View(final_clusters)

# =======================================================
# WHAT DO YOUR CLUSTERS REVEAL?
# =======================================================

# Join cluster labels to store_info (keeping only cluster info)
most_frequent_purchase <- store_info %>%
  # Join cluster info only
  left_join(final_clusters %>% select(store_id, cluster),
            by = c("store_id")) %>%
  
  # Filter out rows with missing cluster
  filter(!is.na(cluster)) %>%
  
  # Join in shopper info
  left_join(shopper_info, by = "store_id") %>%
  
  # Join in produt info
  left_join(gtin, by = "gtin") %>%
  
  # Count purchases by cluster and subcategory
  group_by(cluster, gtin, subcategory) %>%
  filter(!is.na(subcategory)) %>%
  summarize(purchase_count = n(), .groups = "drop") %>%
  
  # Get the top subcategory in each cluster
  group_by(cluster) %>%
  filter(purchase_count == max(purchase_count)) %>%
  ungroup() %>%
  select(-gtin)

View(most_frequent_purchase)

# Join most_frequent_purchase with final_clusters and then write to csv
final_clusters_out <- final_clusters %>%
  left_join(most_frequent_purchase, by = "cluster")
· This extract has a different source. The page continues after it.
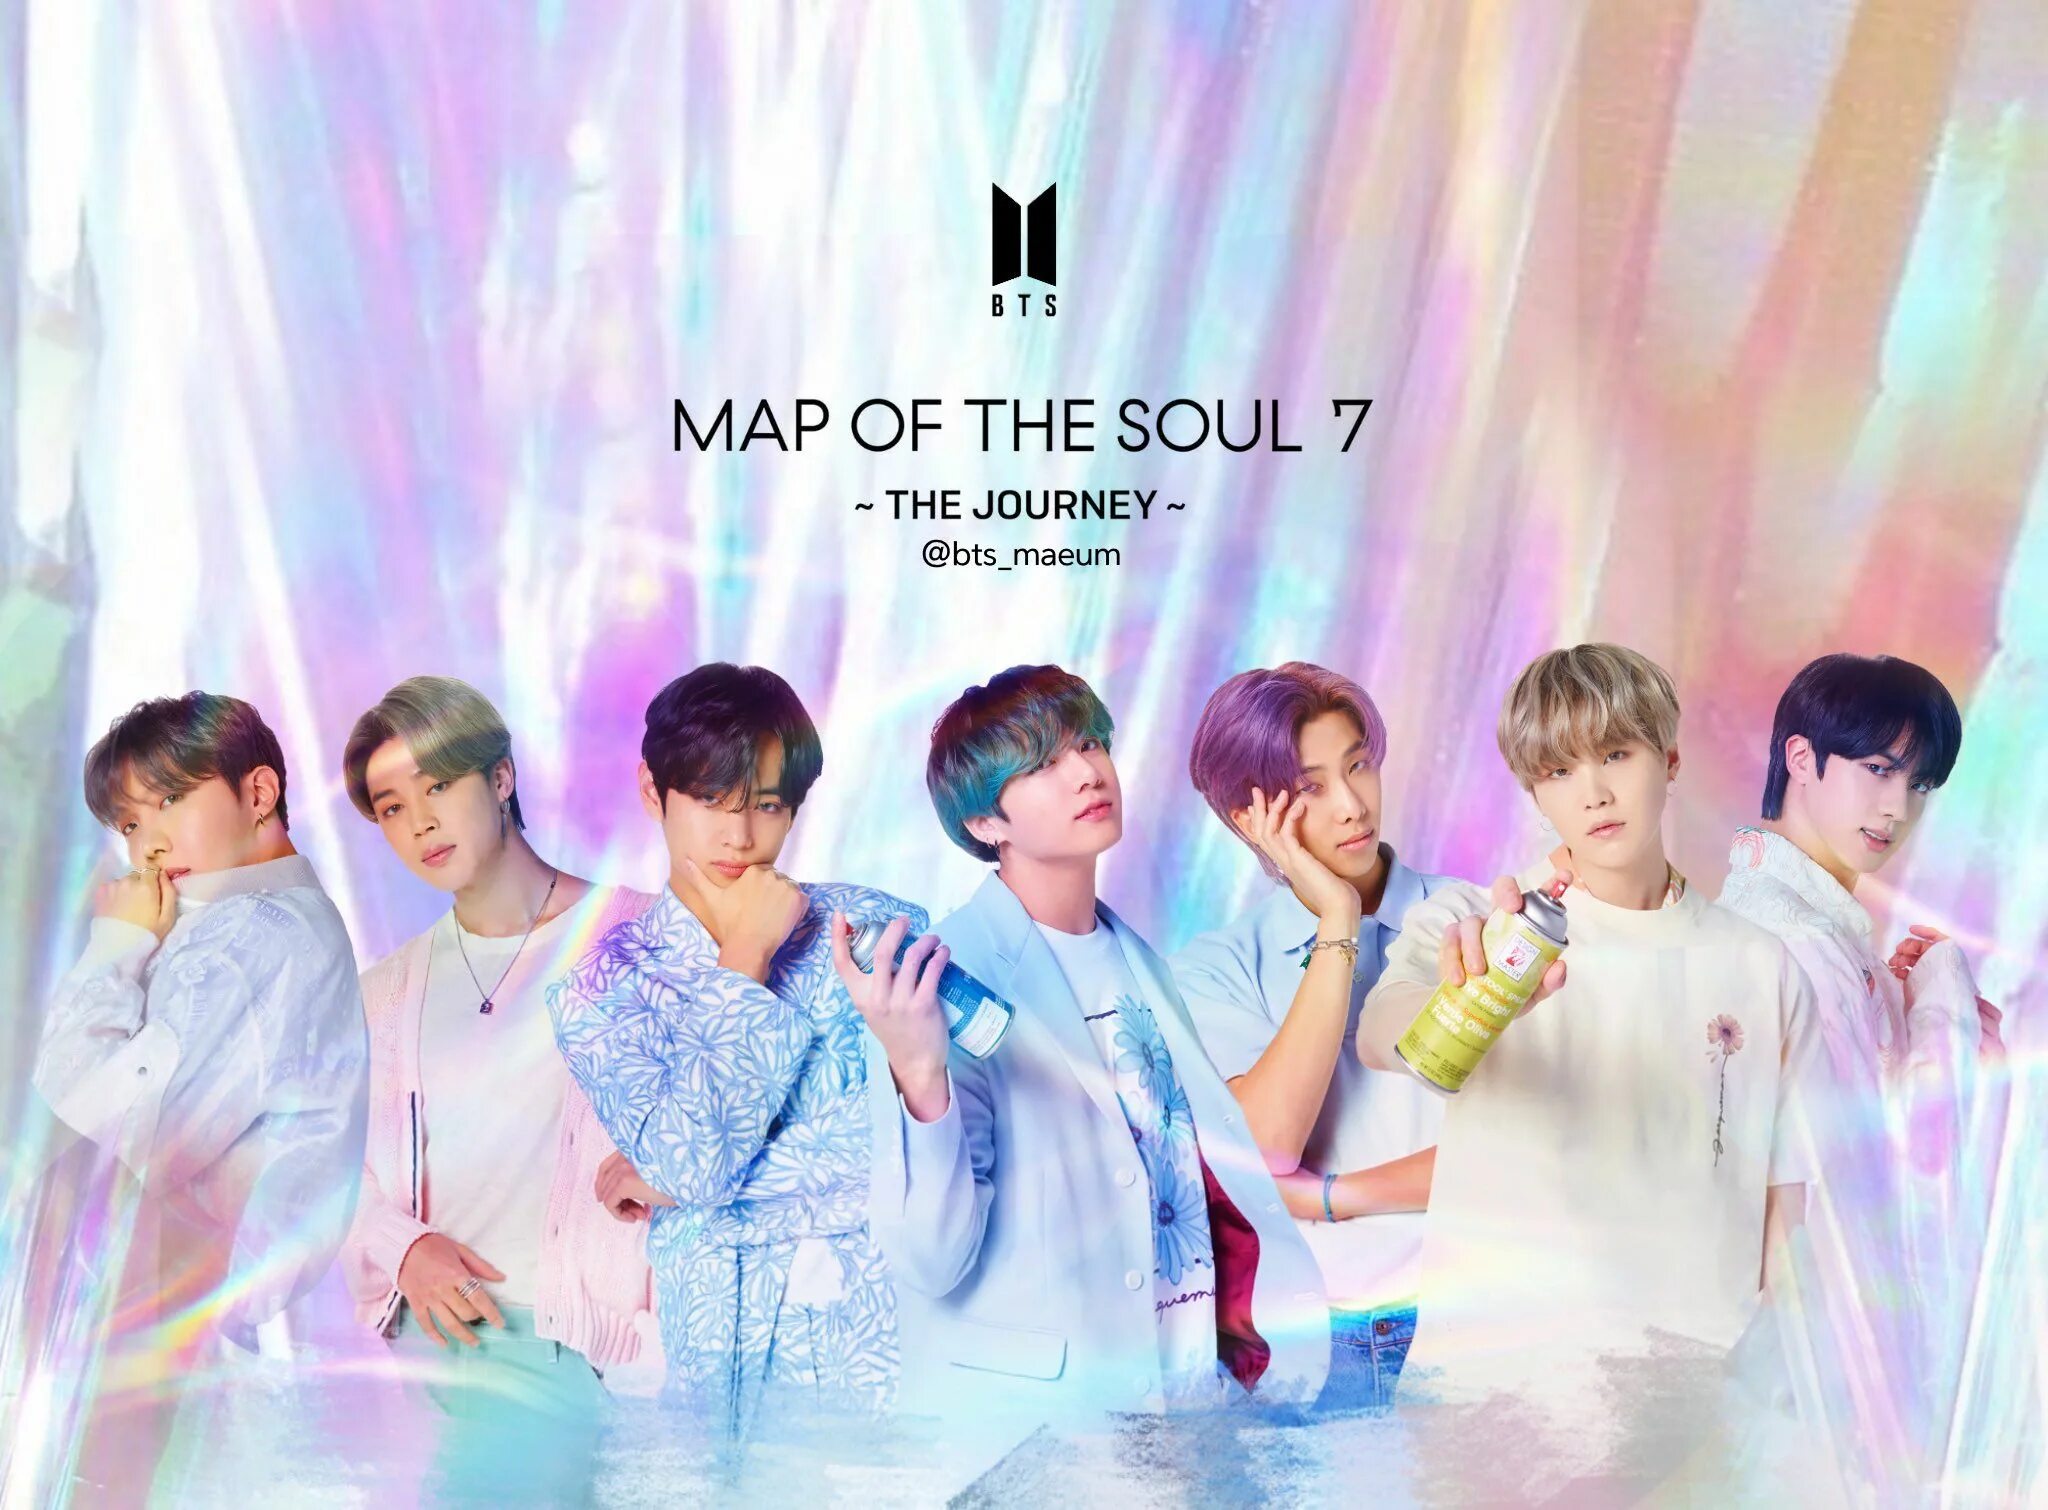 BTS 2022. БТС обложка для группы. BTS группа корейская. БТС 2020 Map of the Soul 7. Bts be песня

write_csv(final_clusters_out, "final_clusters_out.csv")

Part 2: Tableau

The defining characteristic of cross-sectional data is that we observe values of variables at a single point in, or cross-section of, time. Often, but not always, cross-sectional data have geographic components that allows us to use Tableau’s mapping features when creating visualizations.

Effective analysis of cross-sectional data begins with estimating and conveying useful summary statistics. Today, we will spend most of our time discussing how to do this with spatial data.

If you want to analyze your data geographically, you can plot your data on a map in Tableau.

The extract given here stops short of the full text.